The mandatory information that needs to be filled in the form consists of the following:
- The company’s corporate identification number
- The nature of the appointment of the auditor and the period of time they shall audit.
- PAN card number and address of the auditor or auditor’s firm,
- The membership number of the auditor or the auditor’s firm’s registration number.
- The details of an auditor who has vacated the office, if any.
- The membership number of the auditor who has vacated the office or the registration number of the auditors firm they were associated with.
- The reason for the auditor having vacated the office
(Note: Clicking the ‘pre-fill’ button in section 1 of the e-form automatically fills in most of the required details about your company. However, if there are any edits required, you can always go and manually edit those specific fields or not click on the ‘pre-fill’ button.)
- The 3rd step required you to attach scanned digital copies of all of the above-mentioned required documents.
- Using a digital signature certificate, authorized director is required to sign the e-form
- Nearing the bottom of the form, you will find the ‘check form’ button; clicking on that button lets you know if there are any errors in the form or any mandatory fields you have missed.
- If there are issues discovered by the ‘check’ button, you can then click on the modify button, which is placed subsequently, and edit the required parts of the e-form. Keep going back and forth until the check button shows no errors.
- Finally, before submitting the form, be sure to click on the ‘pre-scrutiny’ button. This button shows if there are any errors in the subject matter of the details filled in.
- Once ‘pre-scrutiny’ comes back error-free, click on ‘submit’ to upload your form.
- The e-form is auto-approved.
- Upon successful filing of the form, email regarding the same is sent to the company’s registered email ID
Fees for filing the form
The form’s fees are directly related to the share capital of the company:
- For companies whose share capital is less than 1,00,000, the fee for ADT-1 is INR 200.
- For companies whose share capital is between 1,00,000 and 4,99,999, the form fee is INR 300.
- For companies whose share capital value is between 5,00,000 and 24,99,999, a form fee of INR 400 is levied.
- For companies whose share capital value ranges from 25,00,000 to 99,99,999, the form fee is INR 500.
- For all companies whose share capital value is greater than or equal to 1,00,00,000, the form filing fees are NR 600.
Is it Mandatory to File ADT-1?
Every company is legally mandated to file ADT-1 whenever they appoint an auditor.. The only exception is for the appointment of the first auditor. In case of the appointment of the first auditor, companies are not required to file ADT-1; however, for good practice, we suggest that ADT-1 be filed then as well.
Penalty for non-filing of ADT-1
There are heavy penalties imposed for non-filing of ADT-1
- In case of a delay of up to 30 days, you’ll be charged twice the normal fees.
- In case of a delay of more than 30 days but less than 60 days, you’ll be charged four times the normal fees.

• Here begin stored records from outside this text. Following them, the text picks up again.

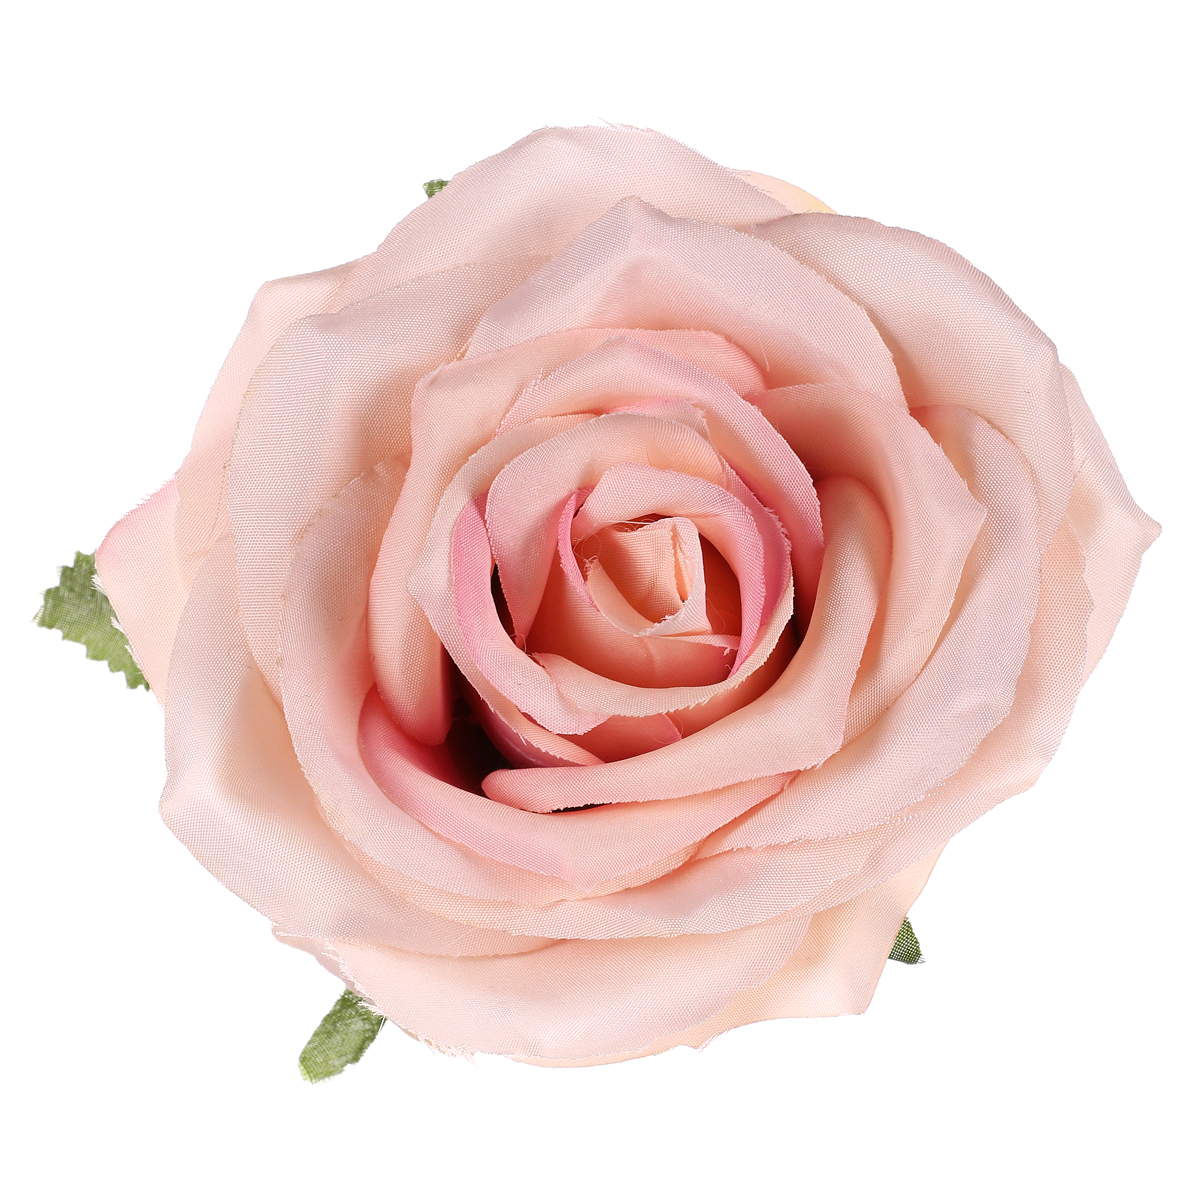 Růže, barva staro-růžová. Květina umělá vazbová. Cena za balení 12 ks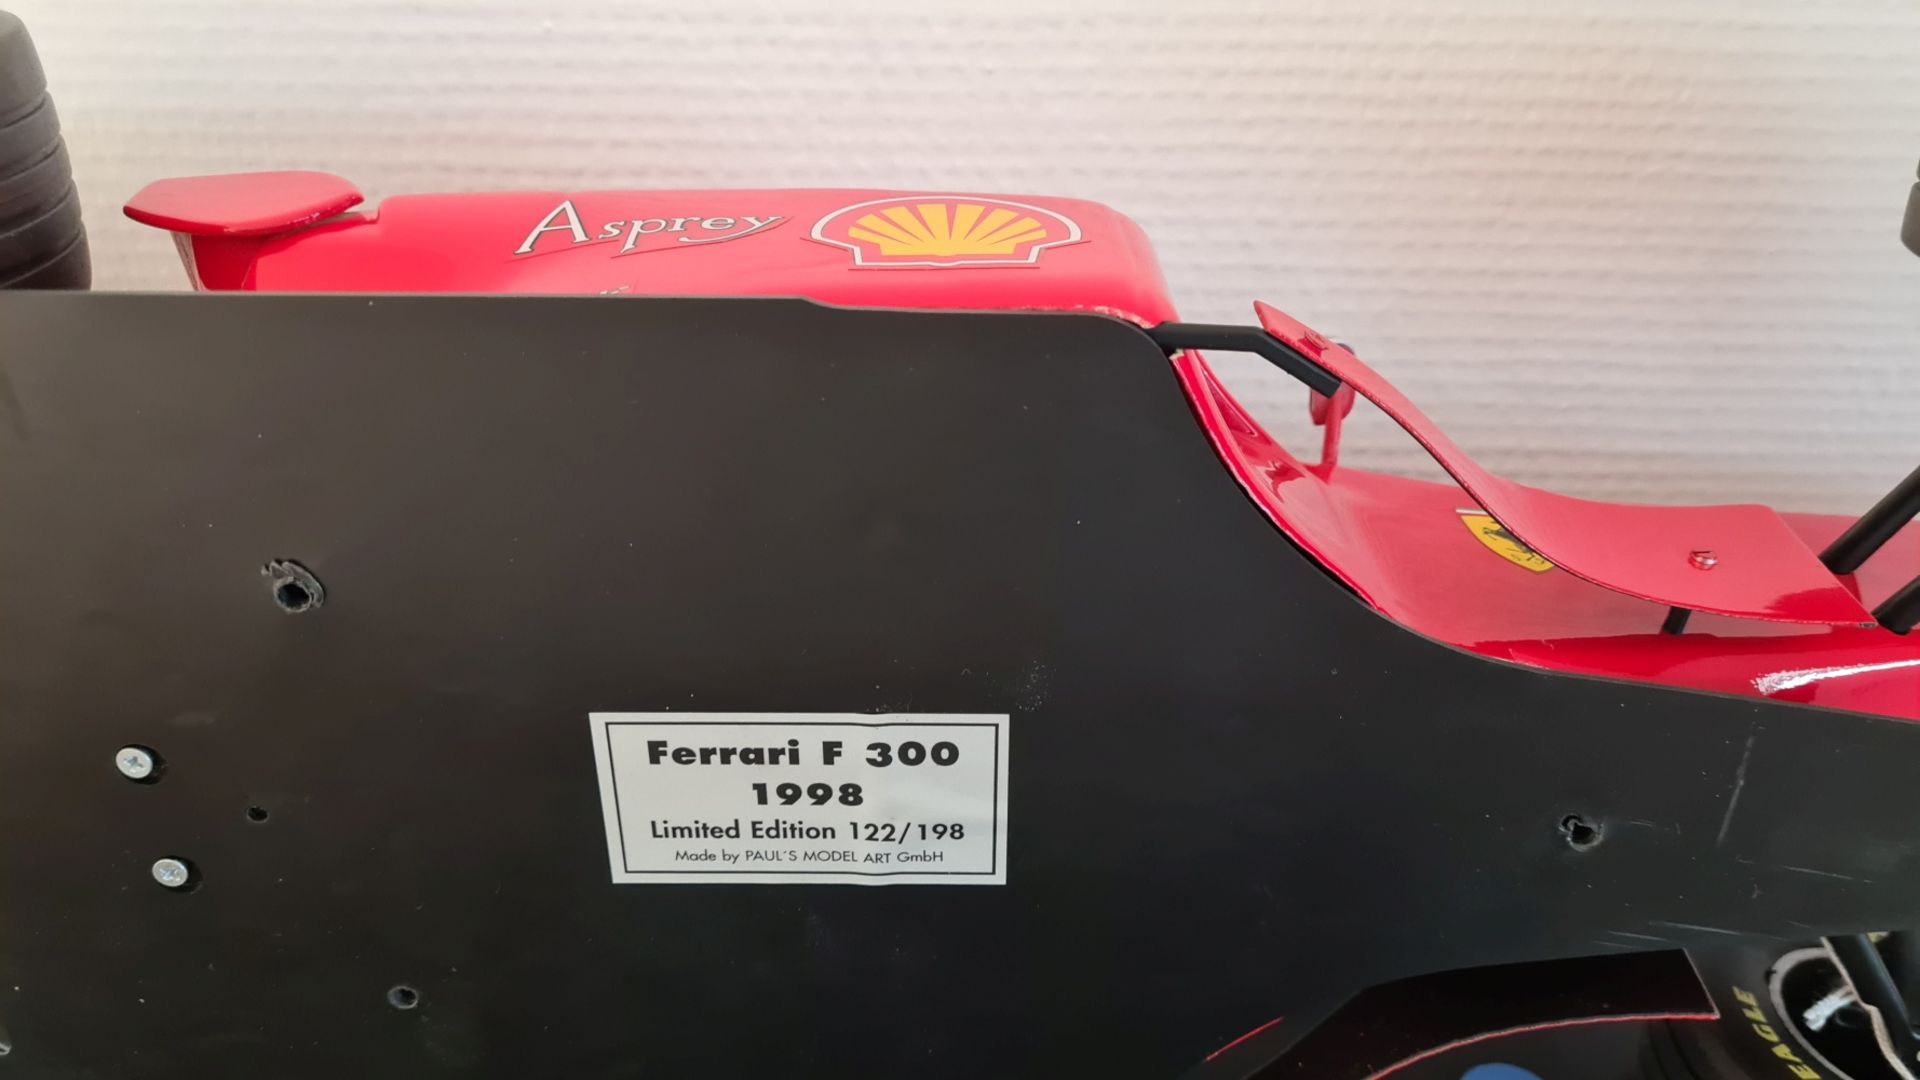 1998, FERRARI F 300 in the measuring stick 1: 8, driver Michael Schumacher, liftoff no. 3, limited e - Image 5 of 6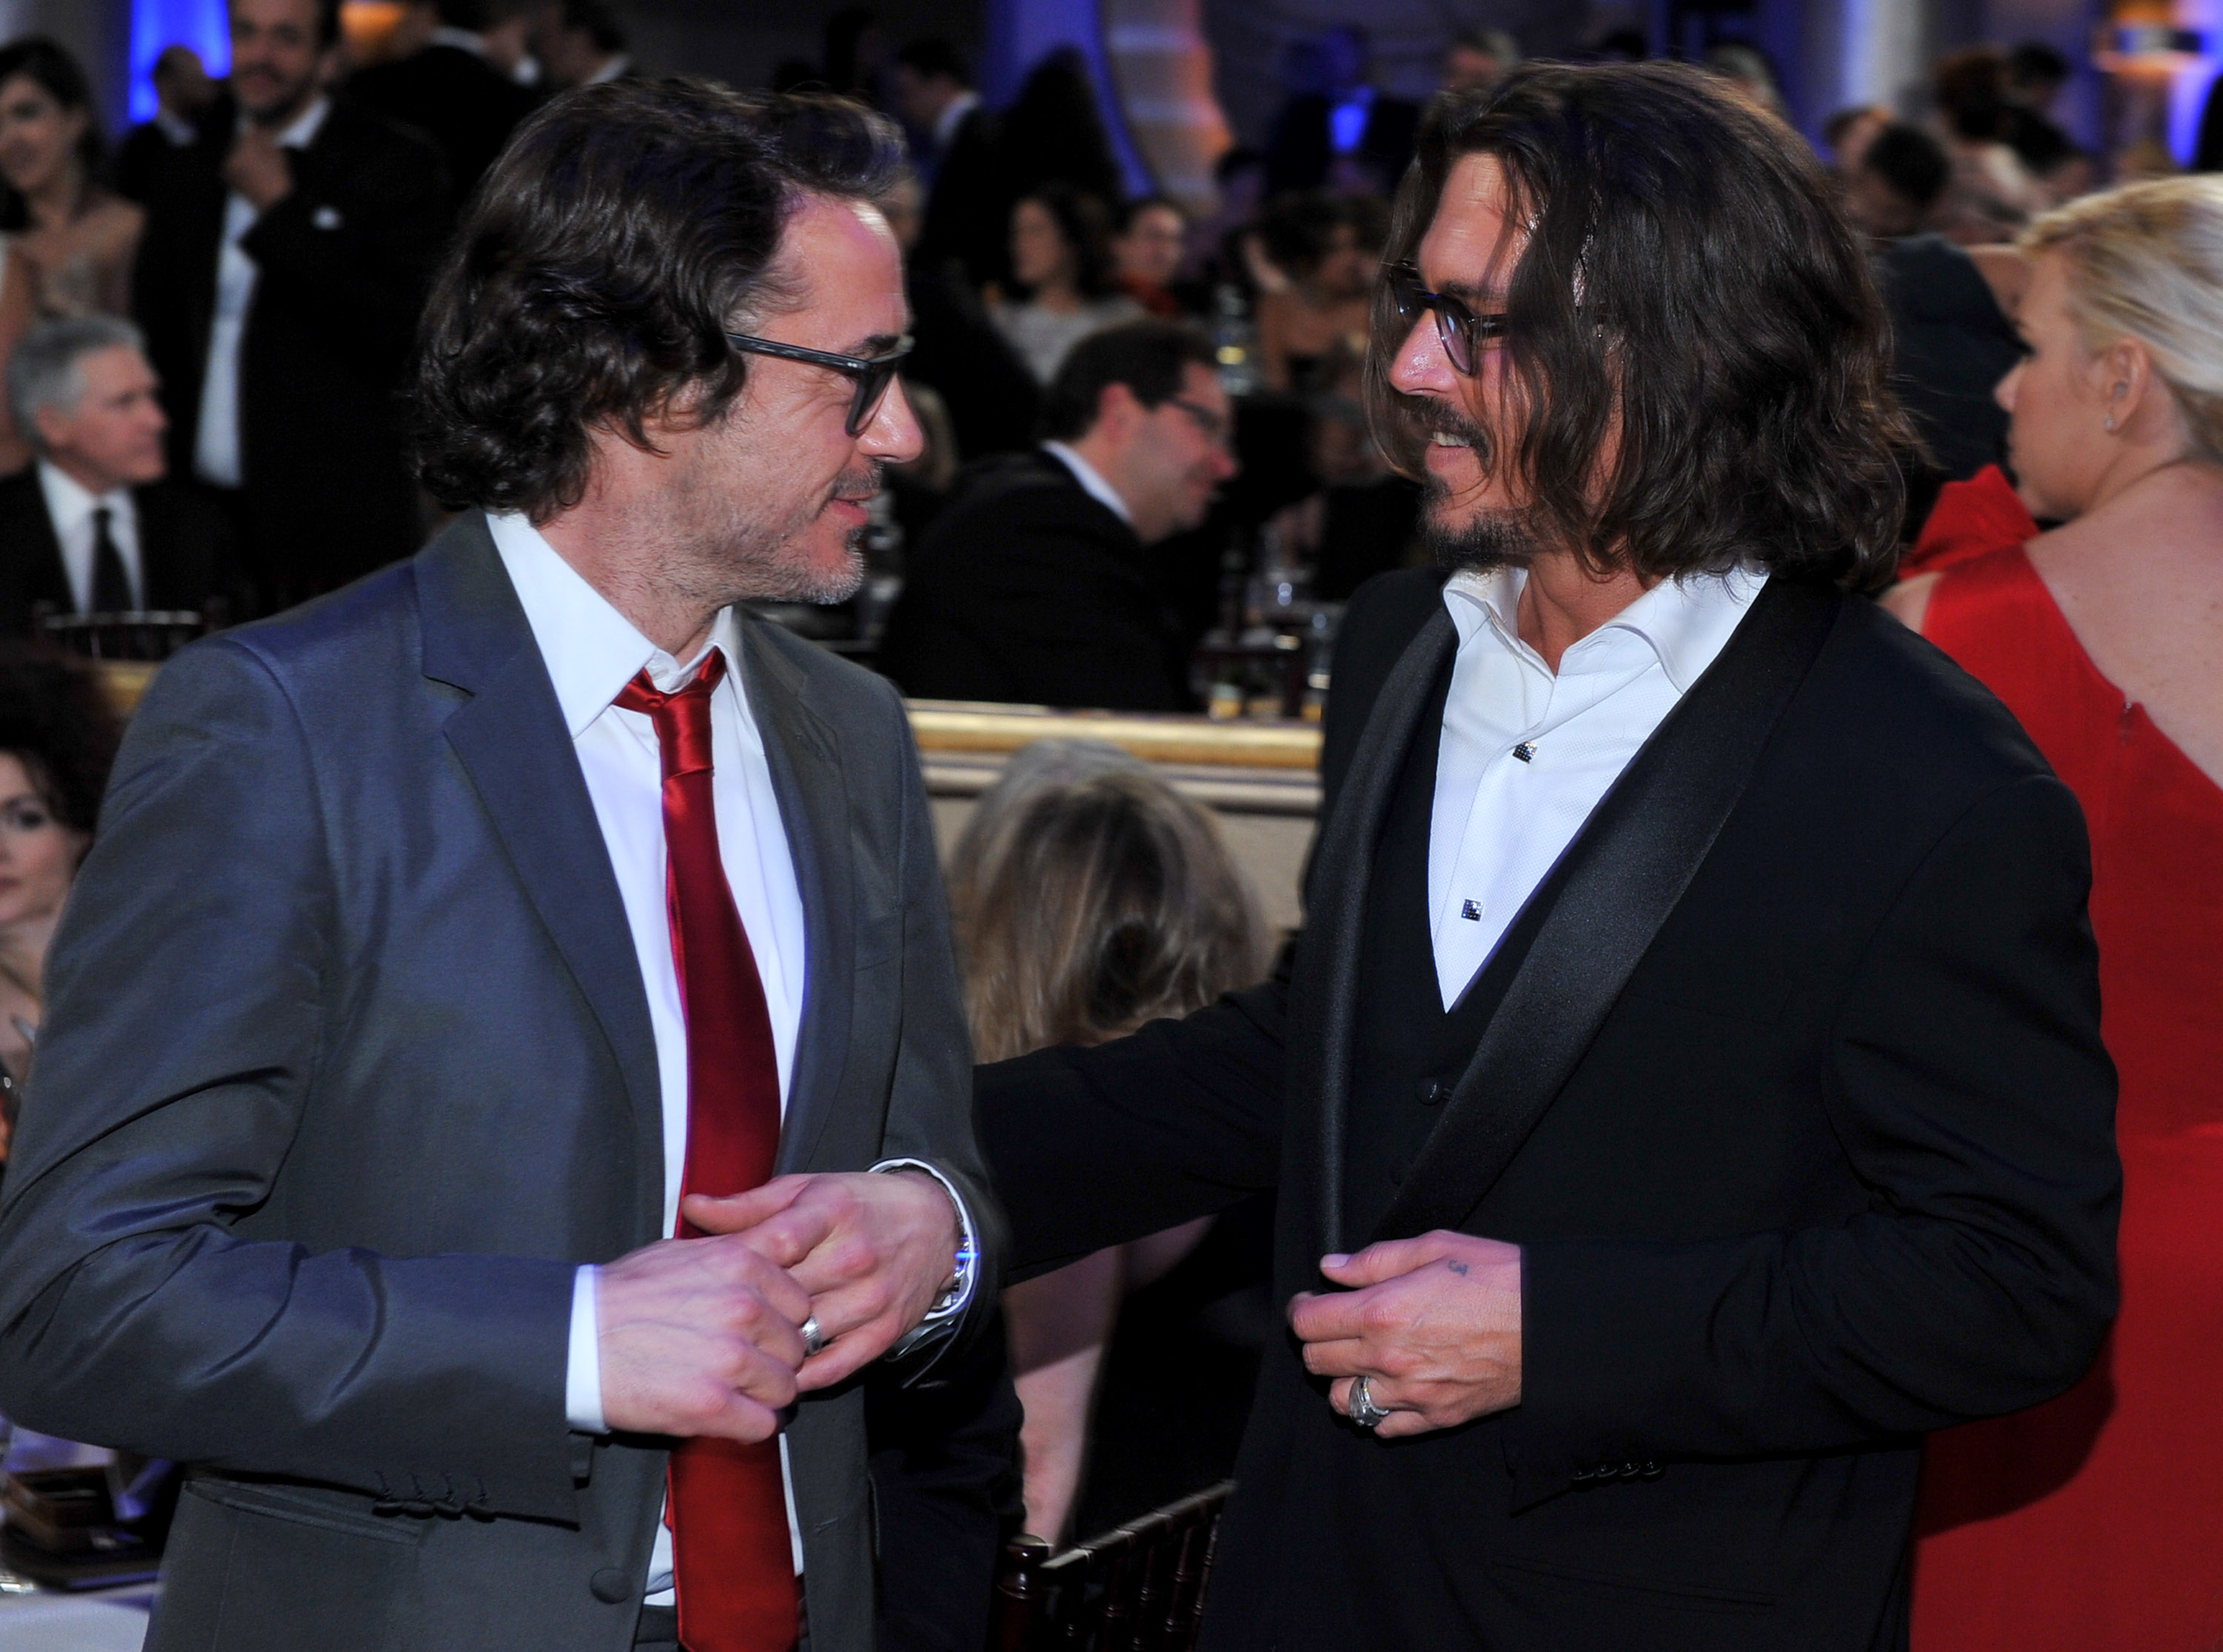 Closeup of Robert Downey Jr. and Johnny Depp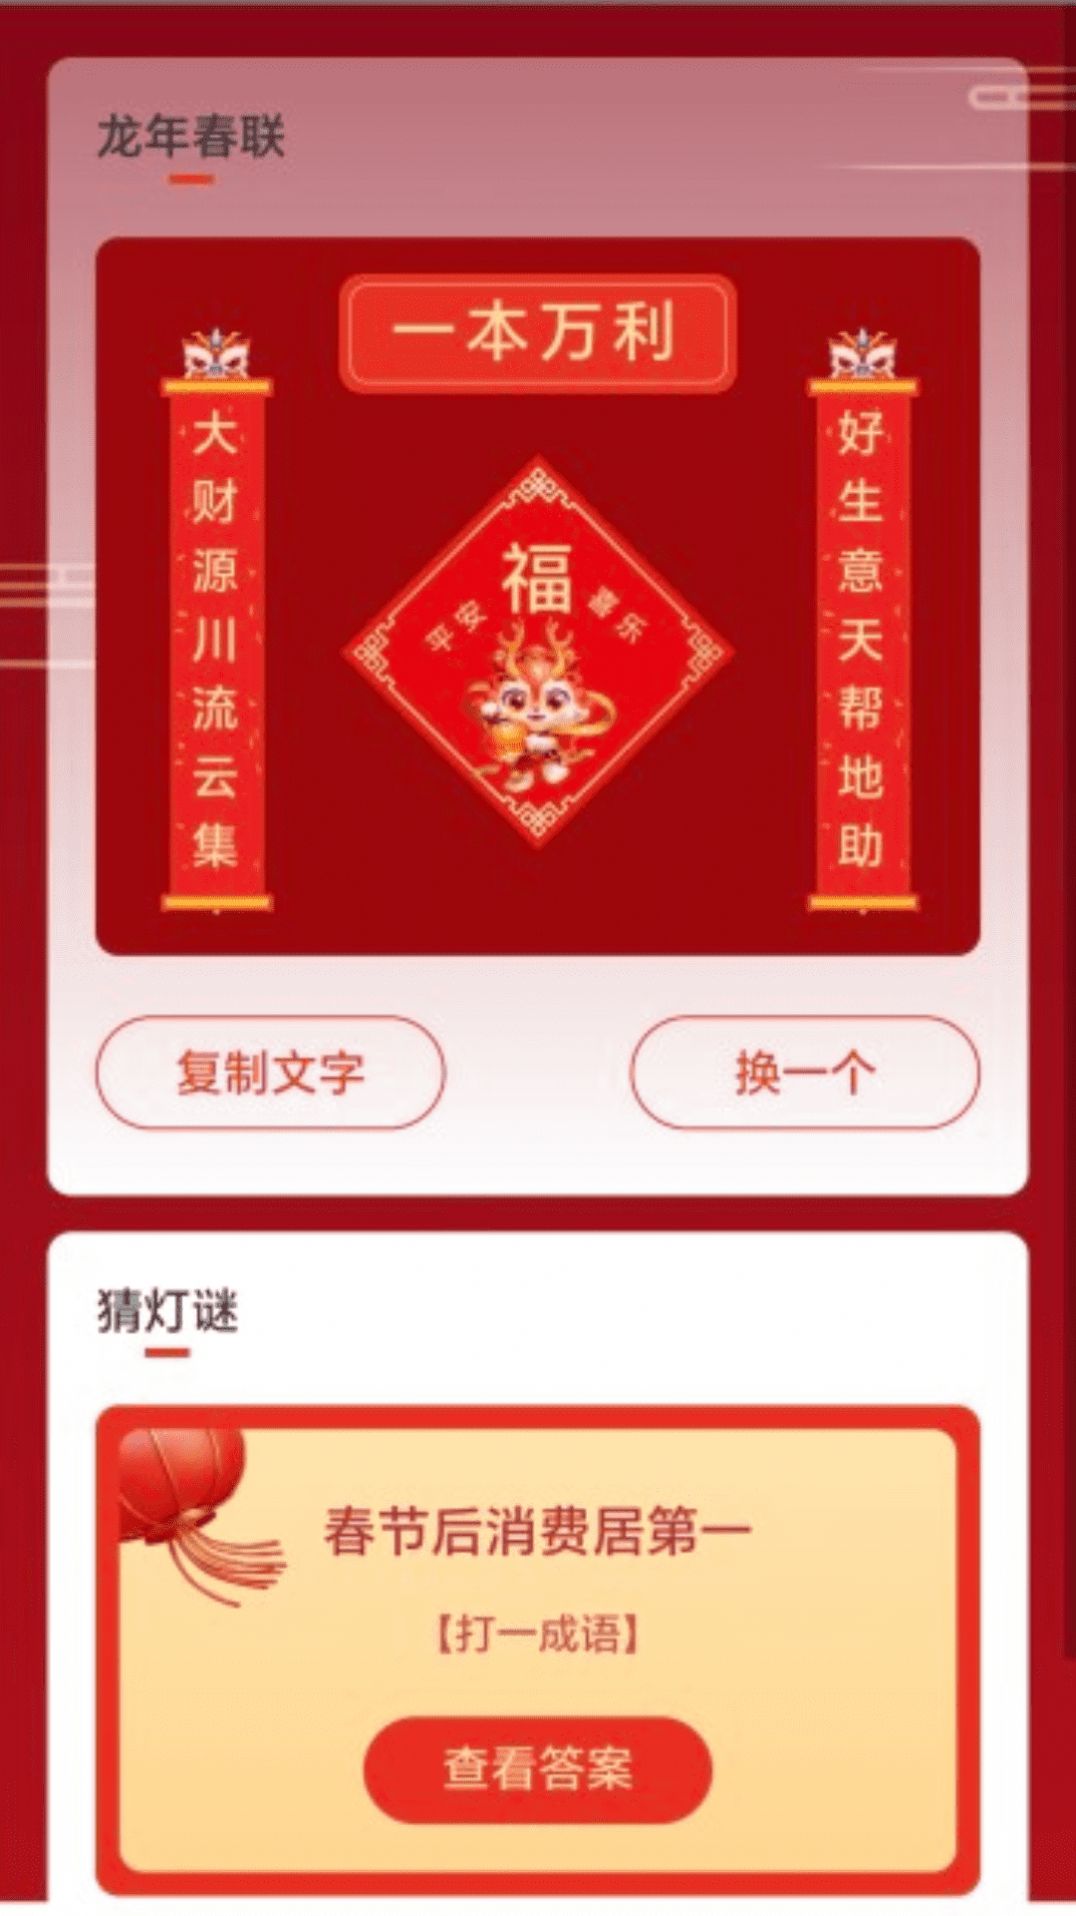 福龙WiFi官方版下载手机软件app截图

- In case of a delay of more than 60 days but less than 90 days, you’ll be charged six times the normal fees.
- In case of a delay of more than 90 days but less than 180 days, you’ll be charged ten times the normal fees.
- In case of a delay of more than 180 days, you’ll be charged twelve times the normal fees.
Filing your ADT-1 is a mandatory compliance requirement that every company should ensure they do not miss out on to avoid heavy penalties.
Frequently Asked Questions
What is form ADT-1?
Form ADT-1 is a form that all companies are required to file to intimate the ROC whenever they appoint an auditor (exception: appointment of 1st auditor).
Do One Person Companies have to file ADT-1?
All companies, including OPCs are required to file ADT-1 whenever they appoint a new auditor (exception: appointment of 1st auditor).
Does the company Auditor have to file ADT-1?
No, it’s the responsibility of the company to file ADT-1, not the auditor. This is a company filing regarding the auditor; hence it’s the responsibility of the company.